The results obtained from the Scherrer method, W–H models (UDM, USDM and UDEDM) and SSP methods are shown in Figs. 7–9 . The values of average crystallite size of alumina doped ZnO ceramics obtained from the different models are more or less similar, implying that the inclusion of strain in various forms has a very small change in the average crystallite size. By inspection of the plots, it appears that the result of the SSP model is found to be more accurate than the UDM, USDM and UDEDM, as the data were fitted more accurately in this method, with all high-intensity points touching the linear fit. It was observed that the strain and stress values decreased with decreasing average crystallite size as the dopant concentration was increased.

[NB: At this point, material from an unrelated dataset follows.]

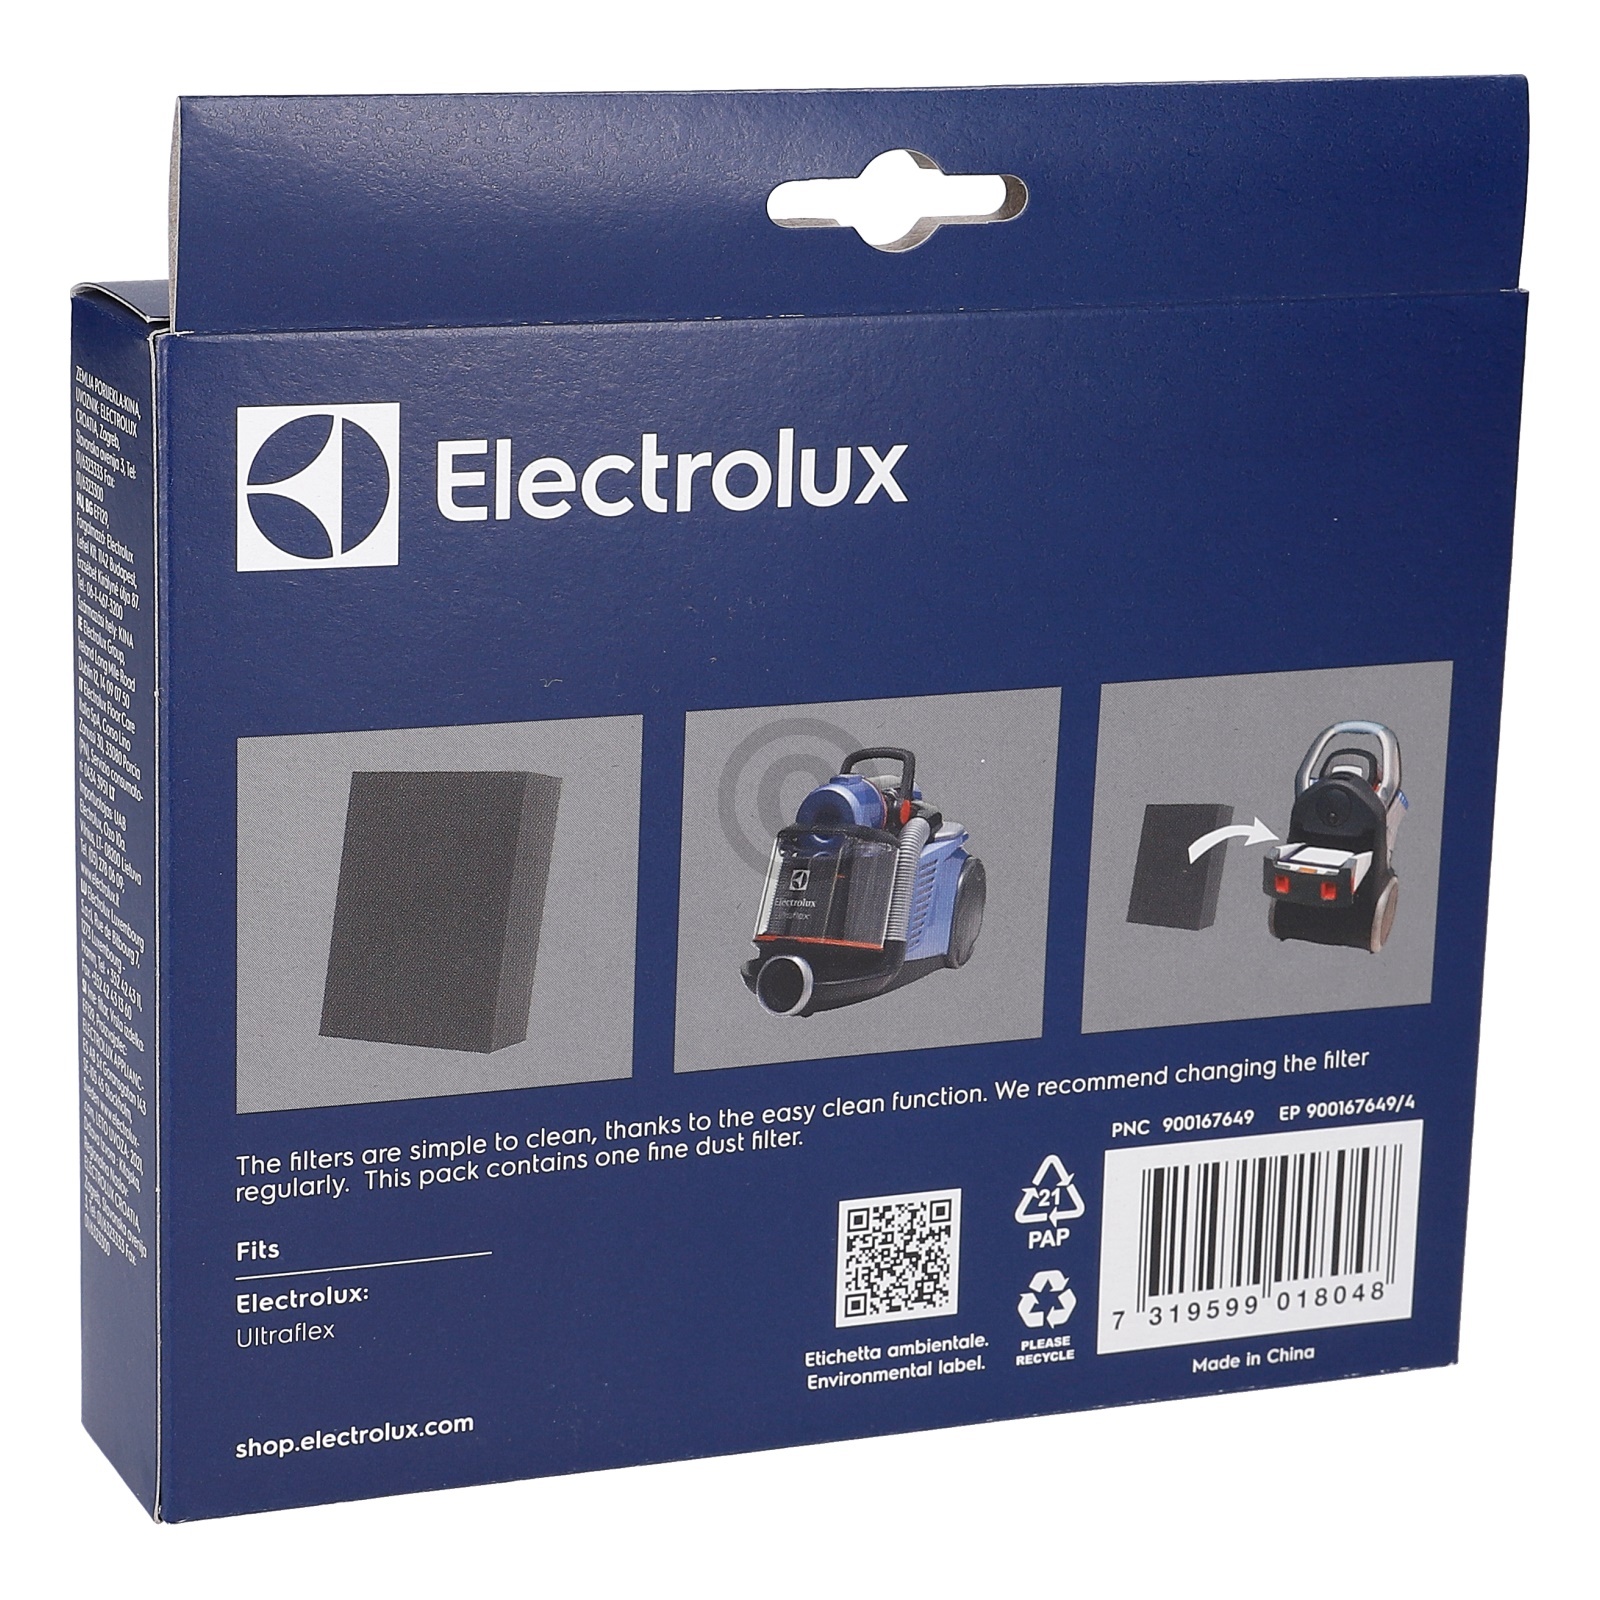 Schaumstofffilter Electrolux EF129 900167649/4 für Staubsauger UltraFlex

Fig. 7 Variation of crystallite size (D) with alumina concentration obtained from Scherrer method.

Fig. 8 Variation of D, ε, σ and u with alumina concentration estimated from (a) UDM; (b) USDM; and (c) UDEDM.

Fig. 9 Variation of crystallite size (D) and strain (ε) with alumina concentration obtained from SSP method.

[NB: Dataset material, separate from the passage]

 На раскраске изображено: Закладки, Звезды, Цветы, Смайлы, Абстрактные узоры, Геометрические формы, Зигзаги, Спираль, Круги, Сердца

3.4 Surface morphology and elemental analysis

FESEM images of ZnO doped with different concentrations of Al₂O₃ are shown in Fig. 10(a)–(e). In the images, the grey grains are ZnO grains and the white ones are Al₂O₃ grains. It can be observed from the micrographs that the surface morphology of Al₂O₃ doped ZnO shows porous nature and petal-shaped grains oriented randomly of sizes varies from 190 to 276 nm. It can be seen that as the Al₂O₃ content is increasing the samples are becoming dense; shows less pores and the distribution of the grains are uniform. The EDS is recorded to determine the elemental composition of ZnO doped with different concentrations of alumina. The relative compositions obtained from EDS are in an atomic ratio of Zn/O/Al are 46.90/51.27/1.83%,45.37/50.81/3.82%,44.88/49.28/5.84 and 44.37/47.87/7.76%, 42.54/48.50/8.96% for ZnO doped with 2, 4, 6, 8 and 10% of Al₂O₃.

Fig. 10 FESEM images of ZnO doped with (a) 2% Al₂O₃; (b) 4% Al₂O₃; (c) 6% Al₂O₃; (d) 8% Al₂O₃ and (e) 10% Al₂O₃.

4 Conclusions

ZnO doped with different concentrations of Al₂O₃ were synthesized by conventional solid-state reaction method and characterized by X-ray diffraction. The results of Rietveld analysis indicate that the samples belongs to the hexagonal ZnO phase (space group 186, P63mc) and the cubic Al phase (space group 225, Fm-3m).The lattice parameters (a and c) of the samples are decreasing owing to the lattice contraction, hence confirming that Al has been successfully doped in the lattice. The X-ray peak broadening of the prepared samples are due to the small crystallite size and strain. A modified W–H plot has been worked out to determine the crystallite size and strain-induced broadening due to lattice deformation and energy density value with a certain approximation. The average crystallite size obtained from Scherrer’s formula, W–H analysis and SSP method shows a small variation because of the difference in averaging the particle size distribution. The strain values obtained from the graphs plotted for various forms of W–H analysis i.e., UDM, USDM, and UDEDM were found to be accurate and comparable. The above explained methods were helpful in determining the crystallite size, strain, stress, and energy density value, and among them SSP method is highly preferable to define the crystal perfection.